Leetcode: Best time to buy and sell stock
The task is to find out of a series of stock prices the best time to buy and sell the stock. Only one stock can be owned at the time and it can be sold and bought at the same time.
The Python solution looks like this.
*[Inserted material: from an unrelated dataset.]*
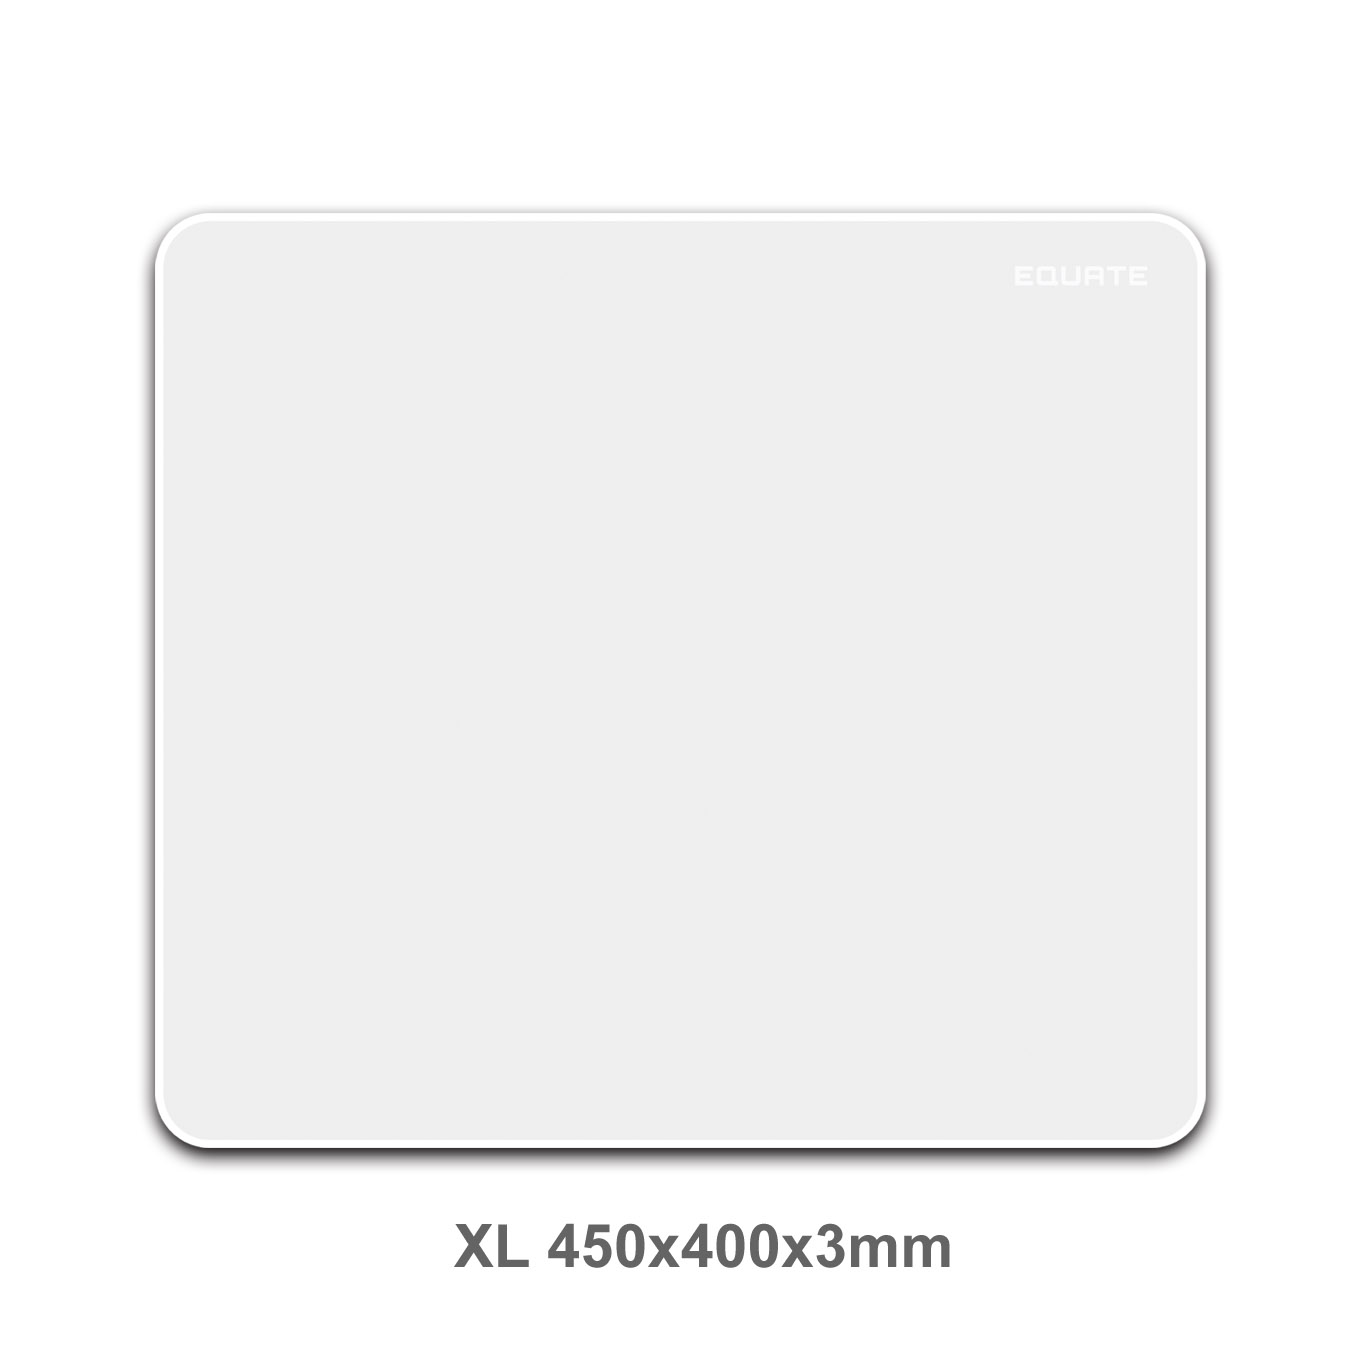 X-raypad White Equate Gaming Mouse Pad – X-raypad

It’s not entirely optimal because technically we could sell stock at every transaction, which simplifies the code as shown below.
from typing import List
class Solution:
def maxProfit(self, prices: List[int]) -> int:
profit = 0
buy = -1
for i in range(len(prices) - 1):
if buy == -1:
if prices[i] < prices[i + 1]:
buy = prices[i]
else:
if prices[i] > prices[i+1]:
profit += (prices[i] - buy)
buy = -1
if buy > -1:
profit += prices[-1] - buy
return profit
if __name__ == '__main__':
r = Solution().maxProfit
print(r([7,1,5,3,6,4]), 7)
print(r([1,2,3,4,5]), 4)
print(r([7,6,4,3,1]), 0)
class Solution:
def maxProfit(self, prices: List[int]) -> int:
profit = 0
buy = -1
for i in range(len(prices) - 1):
# See if I can sell
if buy > -1:
profit += (prices[i] - buy)
buy = -1
# See if I should buy again
if prices[i] < prices[i + 1]:
buy = prices[i]
if buy > -1:
profit += prices[-1] - buy
return profit
func maxProfit(prices []int) int {
profit := 0
ownStock := false
lastPrice := prices[0]
boughtAt := 0
for i := 1; i < len(prices); i++ {
currPrice := prices[i]
if ownStock {
// Check if should sell
if currPrice < lastPrice {
profit += lastPrice - boughtAt
ownStock = false
}
} else {
// Check if should buy
if currPrice > lastPrice {
boughtAt = lastPrice
ownStock = true
}
}
lastPrice = currPrice
}
// Sell at the end
if ownStock {
profit += prices[len(prices)-1] - boughtAt
}
return profit
}